All of the intersections in the latest batch of results from the East Mill Zone were above a vertical depth of 45 metres and are within flat-lying, tabular-style deposits, the company reports. The East Mill zone currently contains 5.5 million tonnes of 3.76% zinc and 1.30% lead.
Currently Pine Point has an inferred resource of 38.4 million tonnes grading 4.58% zinc and 1.85% lead for a zinc-equivalent grade of 6.58%.
The company intends to update a portion of its inferred resource to the indicated category before the end of the year.
Osisko Metals acquired the project in February 2018 but the area was first discovered by prospectors heading to the Klondike gold rush in 1898.
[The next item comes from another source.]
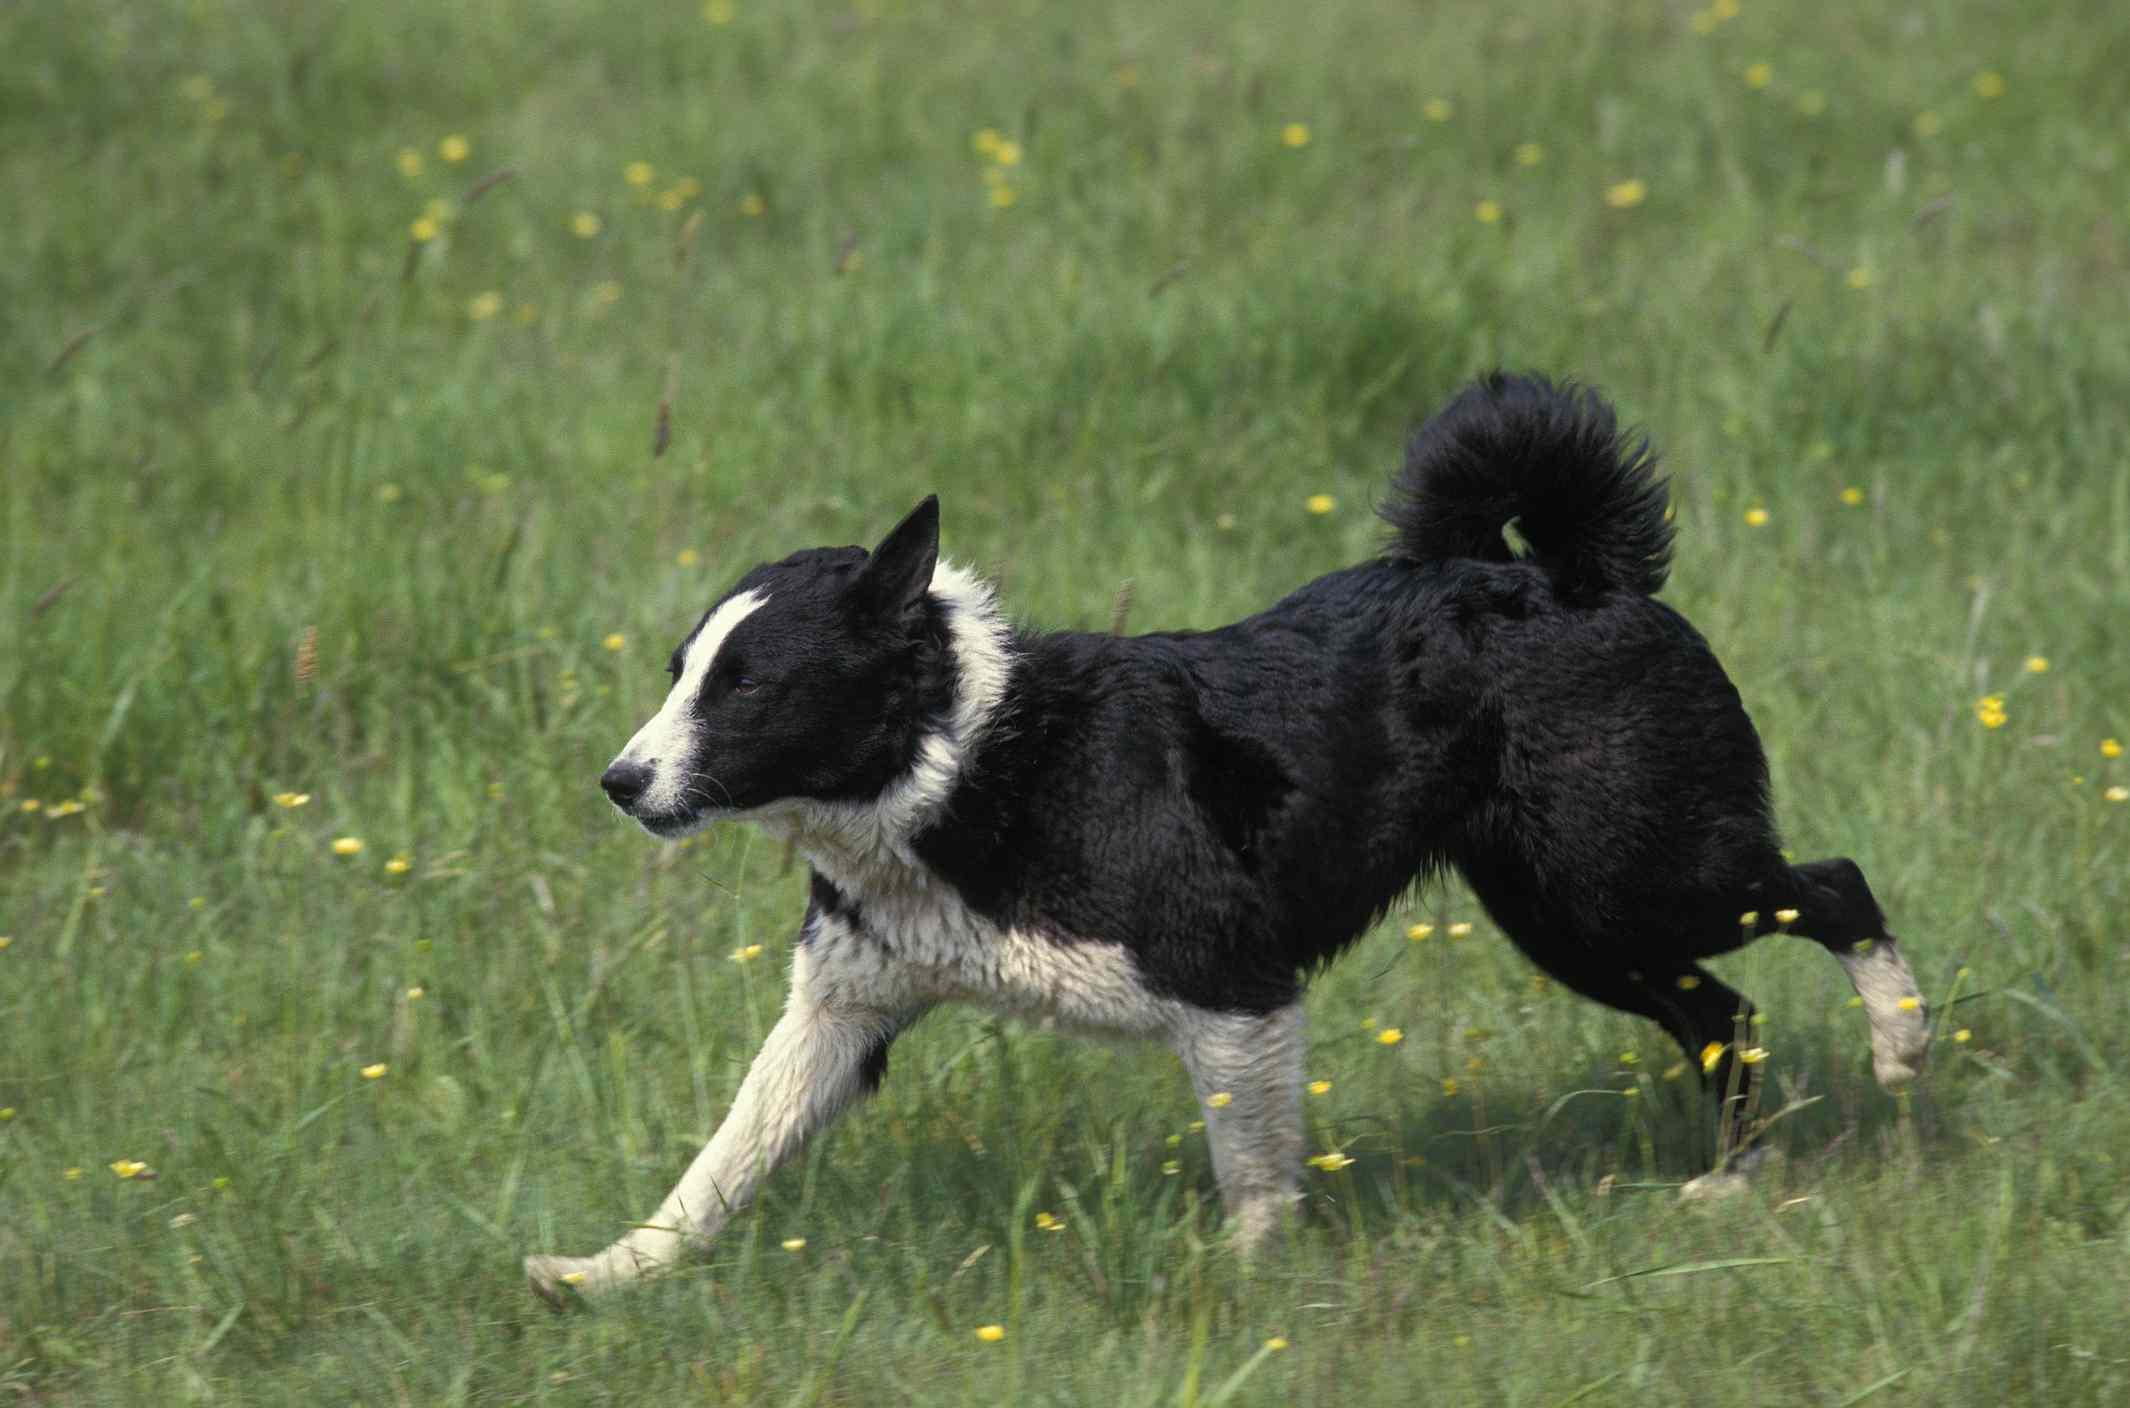 Karelian bear dog running in grass

Cominco stepped in and put a mine into production in 1964 based on 21.5 million tonnes grading 7.2% zinc and 4% lead.
The mine was made up of 50 separate pits and two underground deposits lying along a 60-km trend, and was eventually closed in 1987 after producing around 64 million tonnes grading 7% zinc and 3.1% lead.
Much of the work Osisko Metals plans to do this year will be concentrated on reducing the drill spacing within the reported inferred resource to about 30 metres from the current drill-hole spacing of between 40 and 60 metres.
In addition, the company plans to explore for new mineralization below and along strike of the known mineralized horizons.
The project is accessible year-round by an all-weather road from Hay River.